A unified framework for task extraction, visual understanding, graph classification, and multimodal reasoning to support intelligent humanoid-robot farming workflows.
This project brings together four major components—Video Processing, S1 Task Extraction, BLIP3o Multimodal Inference, and LLaVAGraph classification—into a coherent pipeline for analyzing farming videos, generating tasks, aligning timestamps, captioning images, and understanding actuator behavior.
Extracts structured representations from YouTube or MP4 videos:
- Timestamped transcripts (YouTube subtitles or Whisper)
- Speech vs. non-speech classification
- Optional baseline alignment of tasks to timestamps
- Main S1 pipeline that produces:
- Tasks
- Subtasks
- Approximate timestamps (using Python SequenceMatcher)
This module provides raw semantic structure essential for downstream robotic planning.
Uses the S1 Large Language Model to:
- Interpret transcripts
- Extract hierarchical tasks and subtasks
- Produce MoMask-ready JSONs for animation
- Shorten captions for BLIP3 image generation
This module acts as the language-based task planner of the pipeline.
A unified inference framework using Qwen2.5-VL + Stable Diffusion.
Supports:
| Mode | Description |
|---|---|
| Text → Text | Reasoning, planning, explanations |
| Image → Text | Captioning & visual Q&A |
| Text → Image | Image generation |
| Image → Image | Image editing & transformations |
Includes LoRA fine‑tuning for humanoid farming–specific knowledge.

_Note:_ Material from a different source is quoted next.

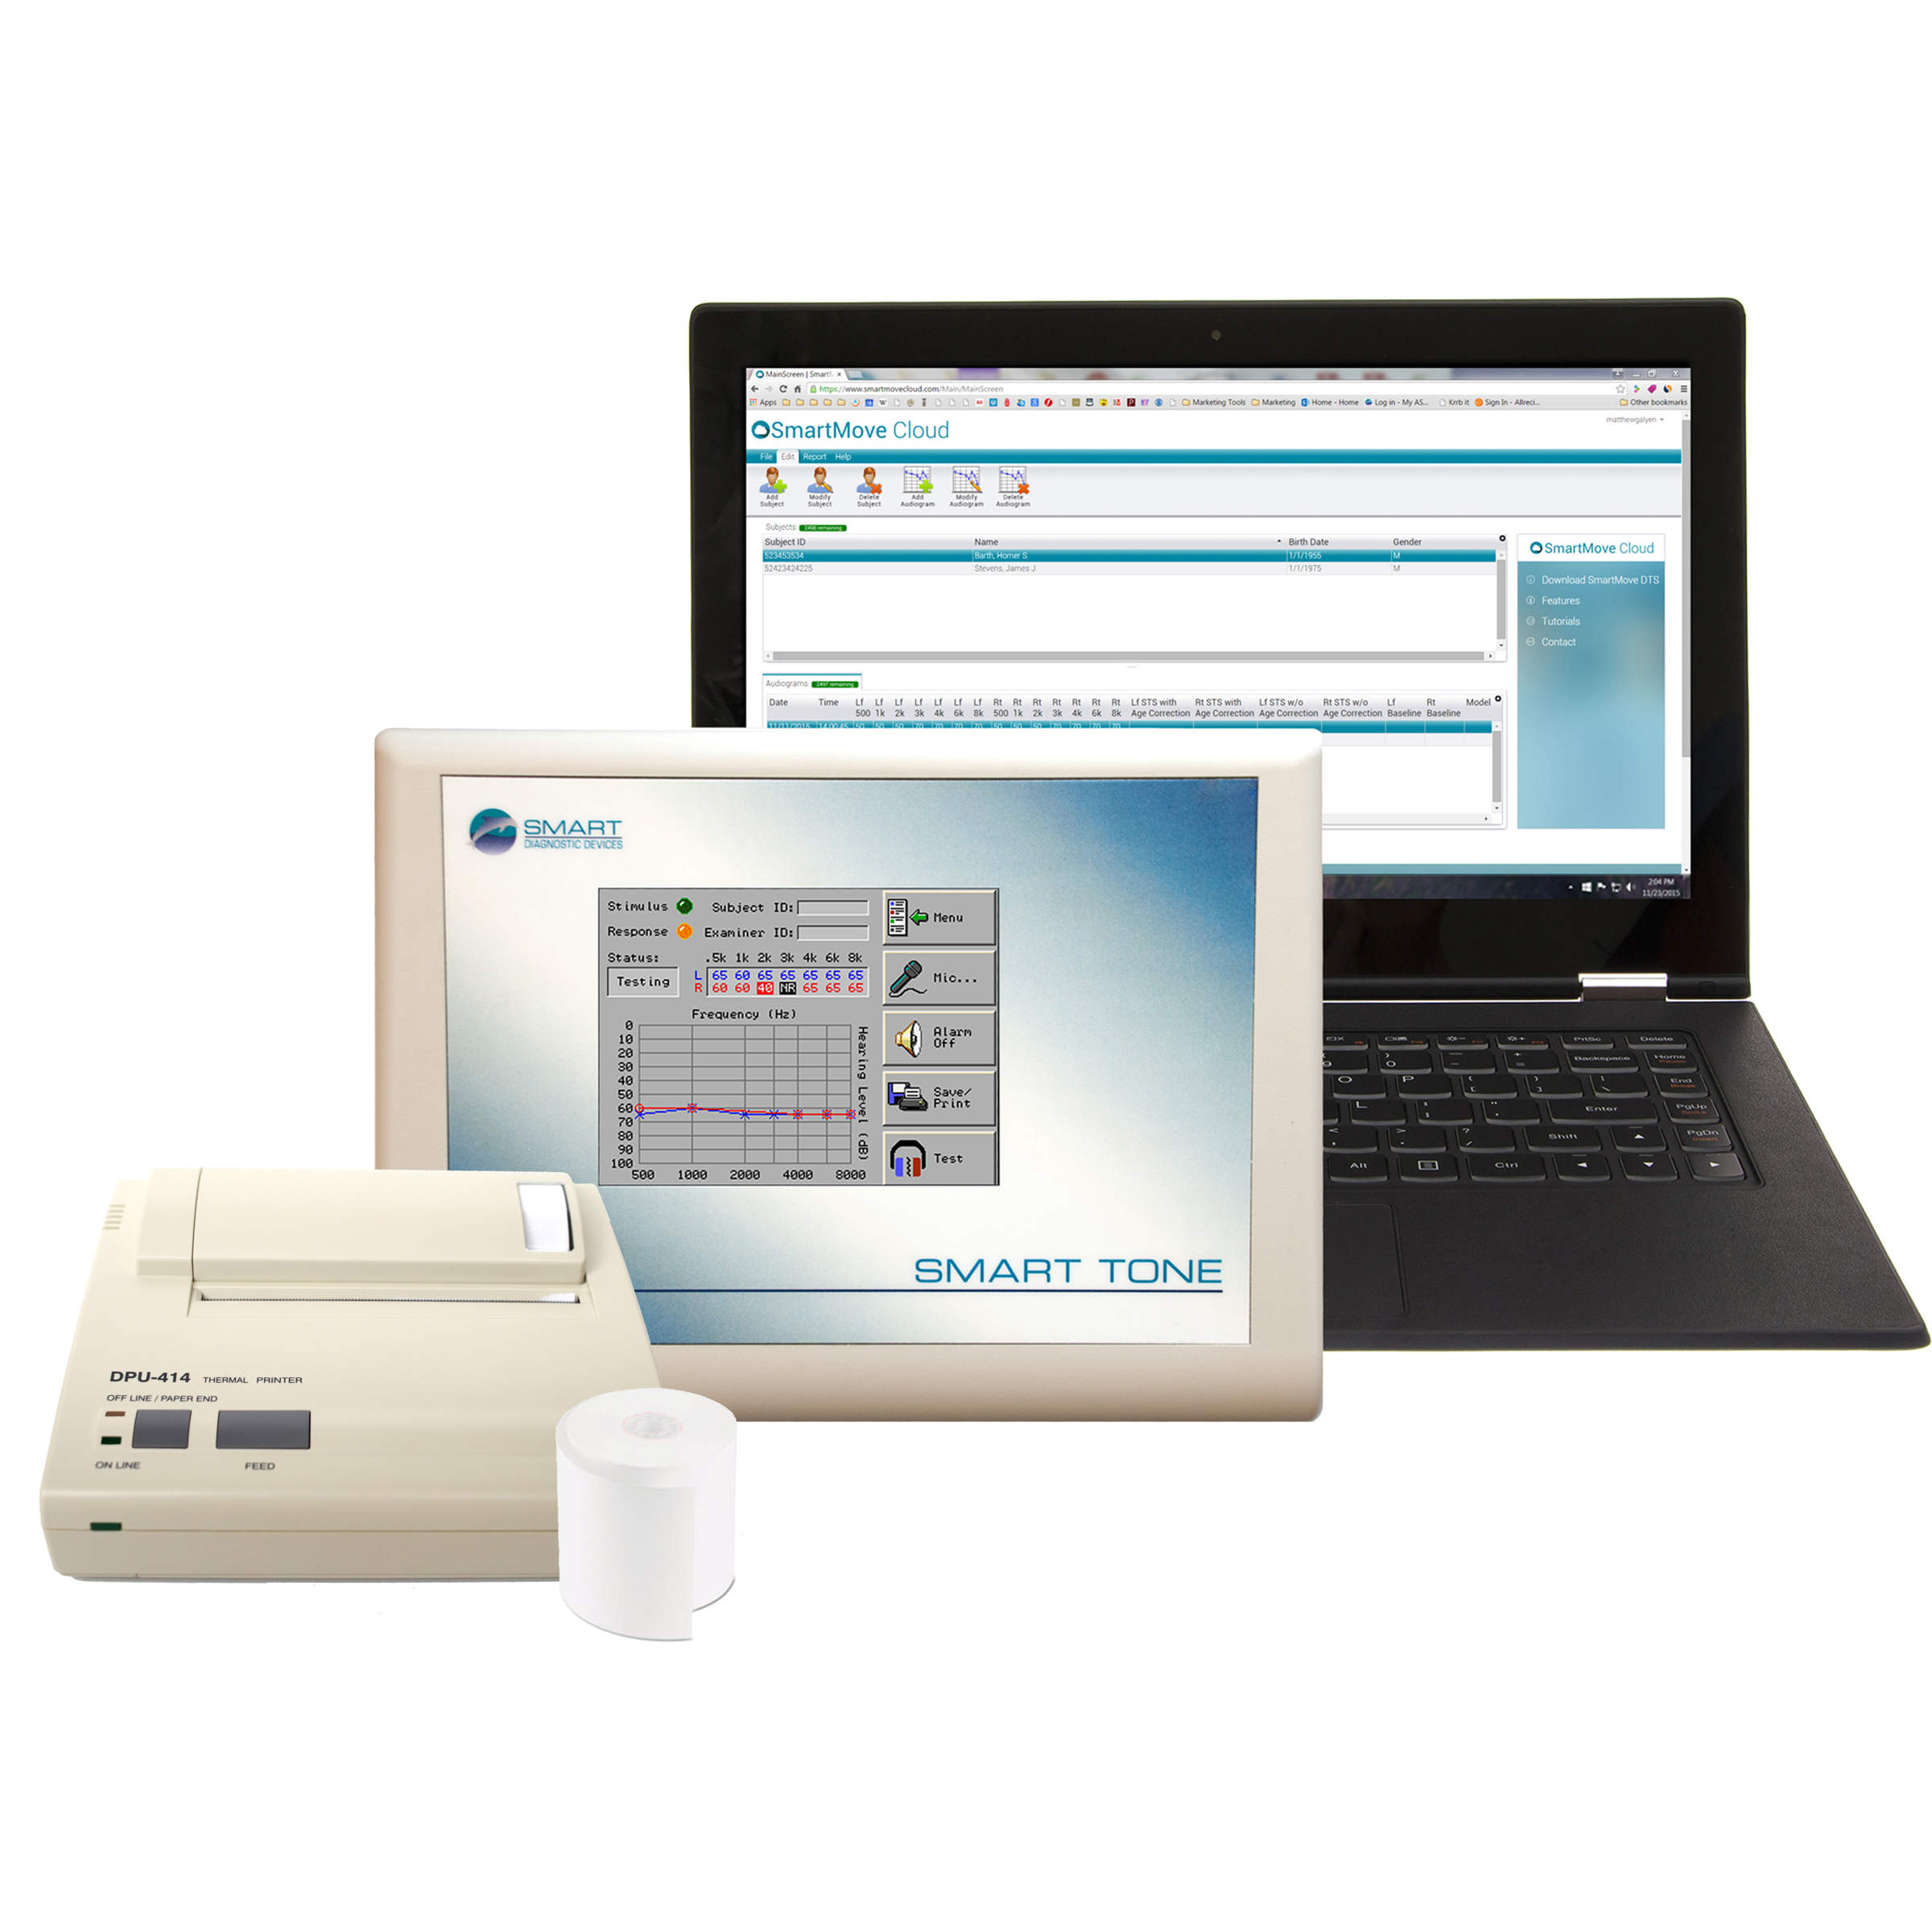 SMART TONE Audiometer with Printer

This module provides rich multimodal intelligence across text and images.
A specialized system for analyzing laser displacement graphs:
- Graph captioning
- Pattern classification (sine, square, noise, etc.)
- LLAMA-based reasoning for deeper explanation
This module supports actuator diagnostics for robotics in precision agriculture.
📹 Video
→ Transcript
→ S1 Task Extraction
→ BLIP3 Multimodal Augmentation
→ LLaVAGraph (if graphs involved)
This creates a smooth flow from raw video → structured tasks → multimodal understanding.
- Achieve semantic understanding of farming scenes
- Convert human demonstrations into robot-usable task sequences
- Provide grounded multimodal reasoning
- Enable intelligent analysis of actuator/motion graphs
- Support data pipelines for humanoid farming research
Please cite the relevant models and frameworks used within each submodule (listed in each component’s README).